Could the data below be printed out exactly, with the pictures left out?

**Information supplied**
● ● ● ●

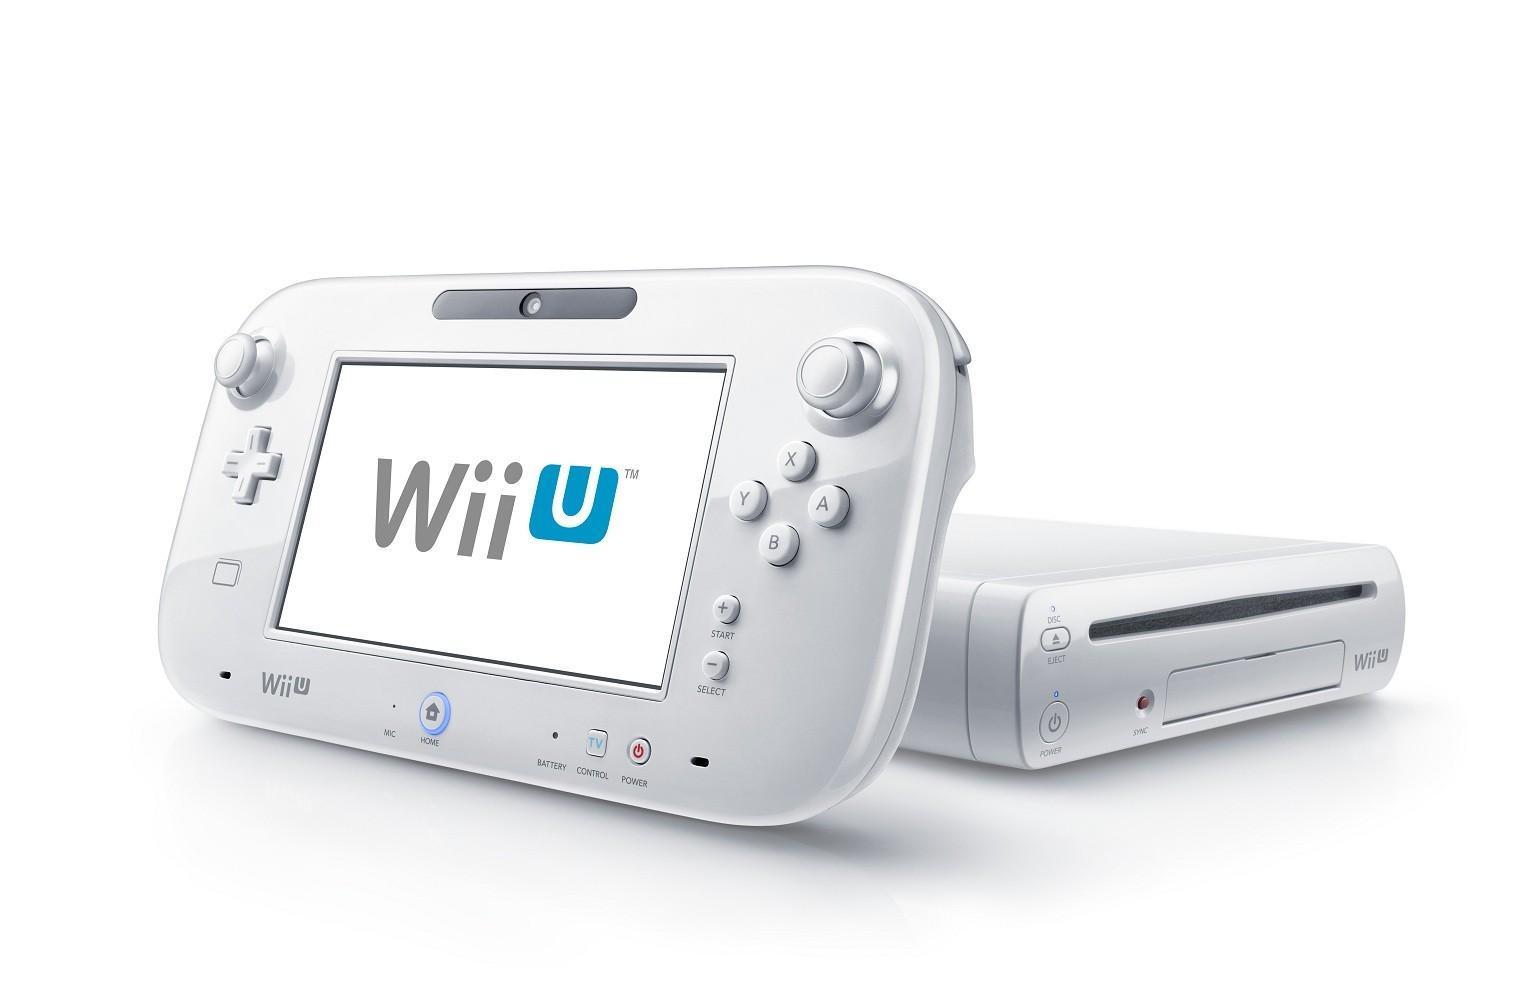  Gamescom    Wii U
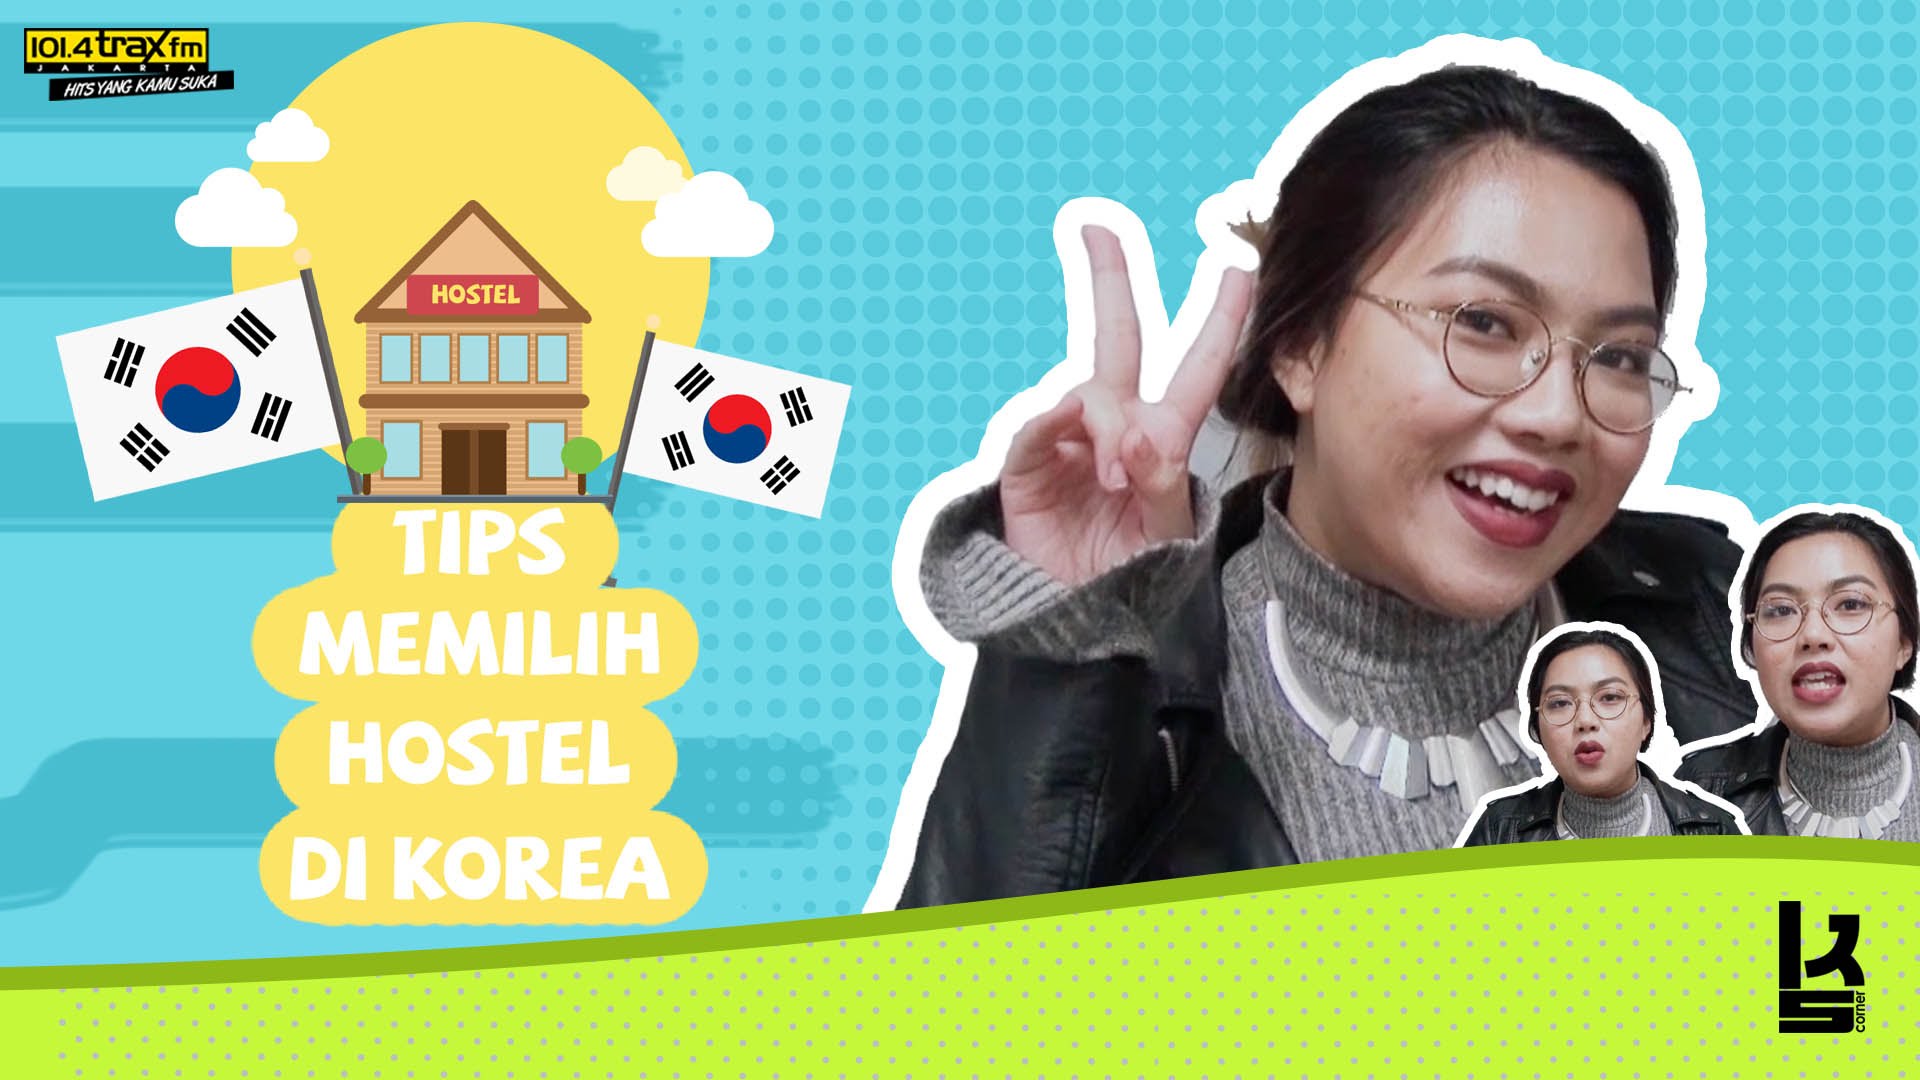 Tips memilih hostel di Korea #KsCorner
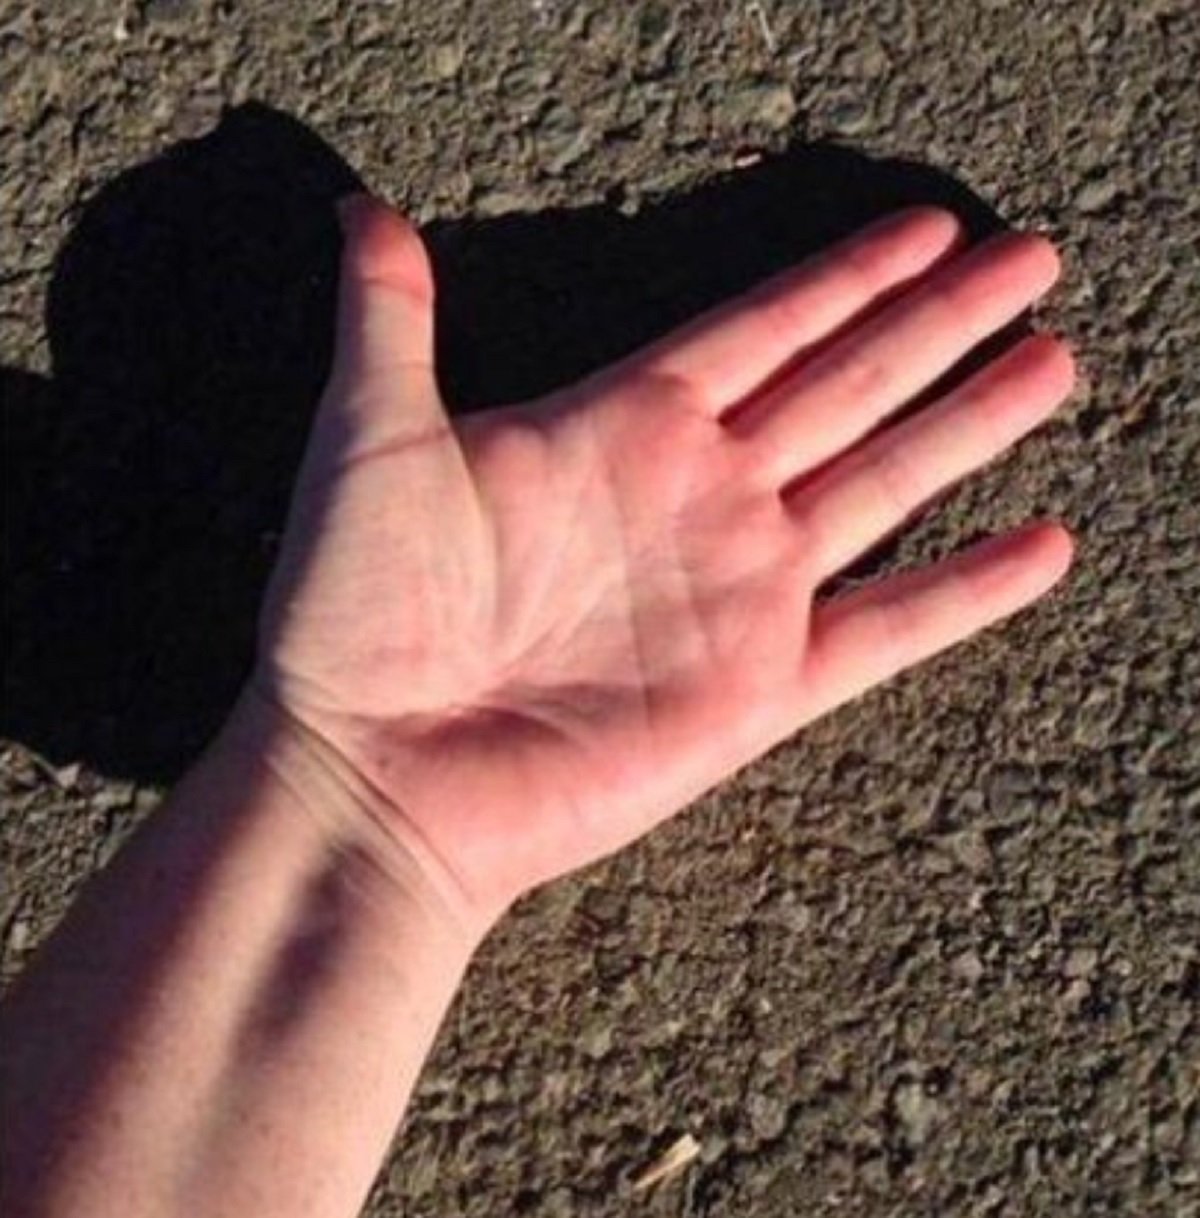 La regla dels cinc segons consisteix en posar la mà al revés sobre l'asfalt / Foto: Guàrdia Civil

● ● ● ●

**Answer box**
  Gamescom    Wii U
 Tips memilih hostel di Korea #KsCorner
 La regla dels cinc segons consisteix en posar la mà al revés sobre l'asfalt / Foto: Guàrdia Civil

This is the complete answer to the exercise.